Abstract
Key message
Using genomic structural equation modelling, this research demonstrates an efficient way to identify genetically correlating traits and provides an effective proxy for multi-trait selection to consider the joint genetic architecture of multiple interacting traits in crop breeding.
Abstract
Breeding crop cultivars with optimal value across multiple traits has been a challenge, as traits may negatively correlate due to pleiotropy or genetic linkage. For example, grain yield and grain protein content correlate negatively with each other in cereal crops. Future crop breeding needs to be based on practical yet accurate evaluation and effective selection of beneficial trait to retain genes with the best agronomic score for multiple traits. Here, we test the framework of whole-system-based approach using structural equation modelling (SEM) to investigate how one trait affects others to guide the optimal selection of a combination of agronomically important traits. Using ten traits and genome-wide SNP profiles from a worldwide barley panel and SEM analysis, we revealed a network of interacting traits, in which tiller number contributes positively to both grain yield and protein content; we further identified common genetic factors affecting multiple traits in the network of interaction.

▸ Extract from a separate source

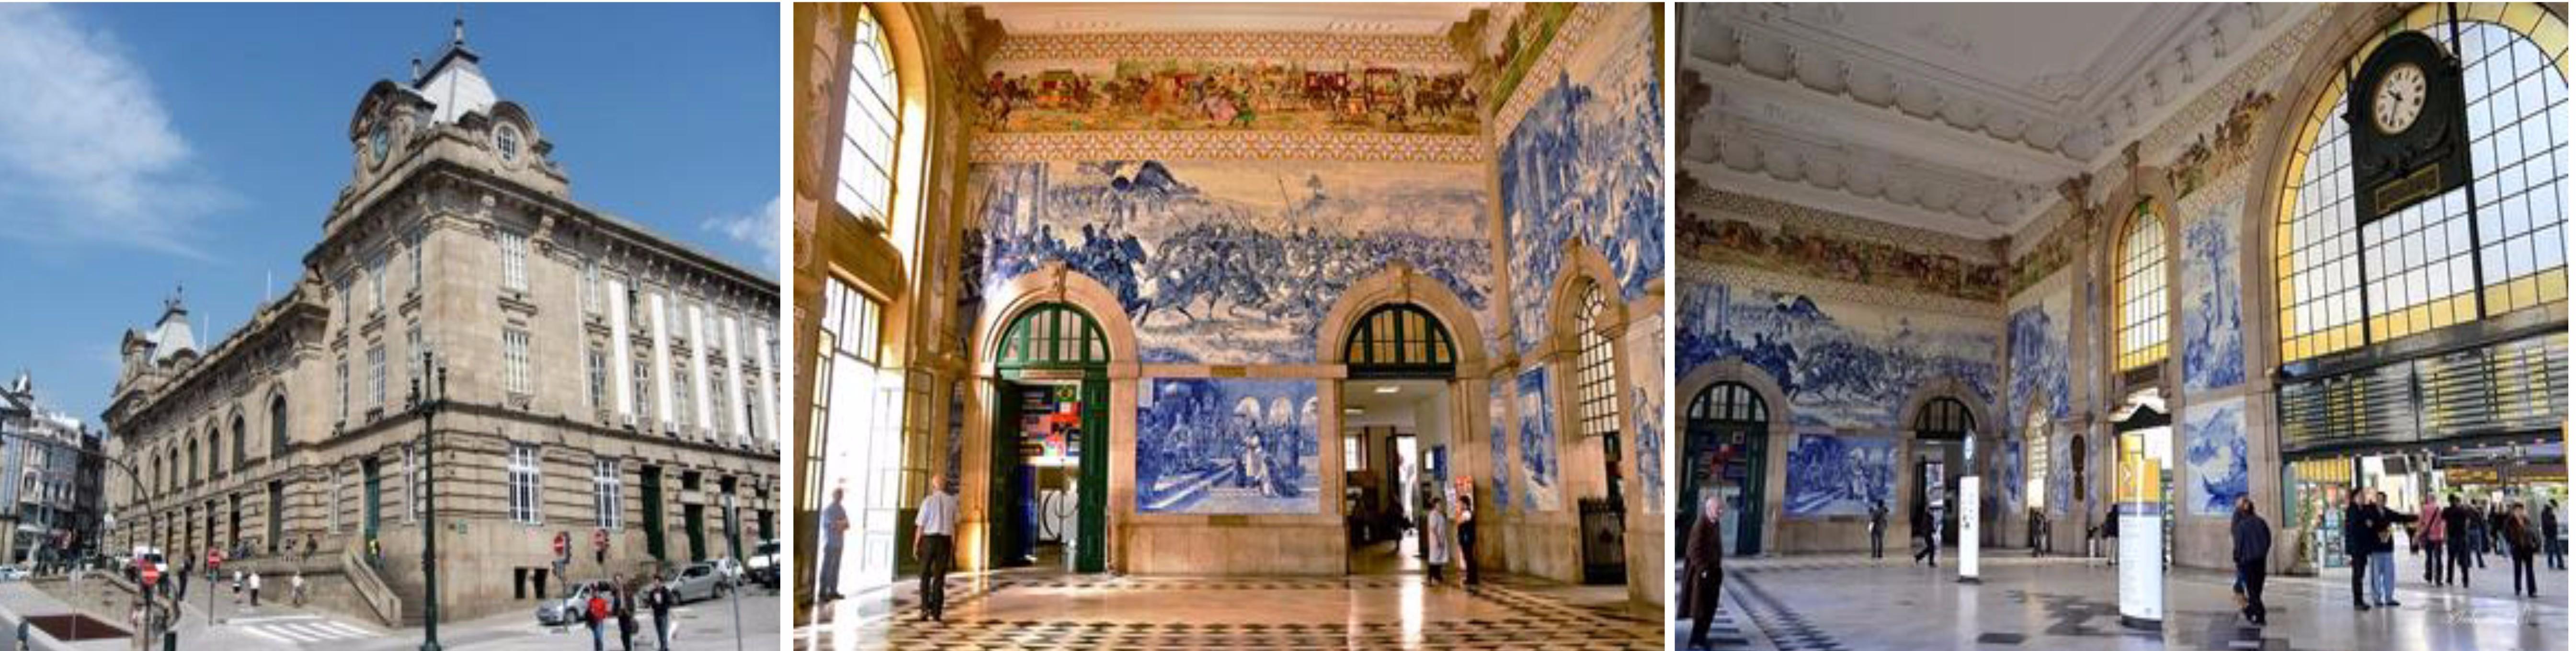 โคอิมบรา – อะเวโร่ – ล่องเรือ – ลิ้มลองขนมท้องถิ่น ovos moles – ปอร์โต้ – สถานีรถไฟ เซา เบนโต – ร้านหนังสือเลลโล่ – Cais da Ribeira – Ponte de D.Luis - 2

Our method demonstrates an efficient way to identify genetically correlating traits and underlying pleiotropic genetic factors and provides an effective proxy for multi-trait selection within a whole-system framework that considers the joint genetic architecture of multiple interacting traits in crop breeding. Our findings suggest the promise of a whole-system approach to overcome challenges such as the negative correlation of grain yield and protein content to facilitating quantitative and objective breeding decisions in future crop breeding.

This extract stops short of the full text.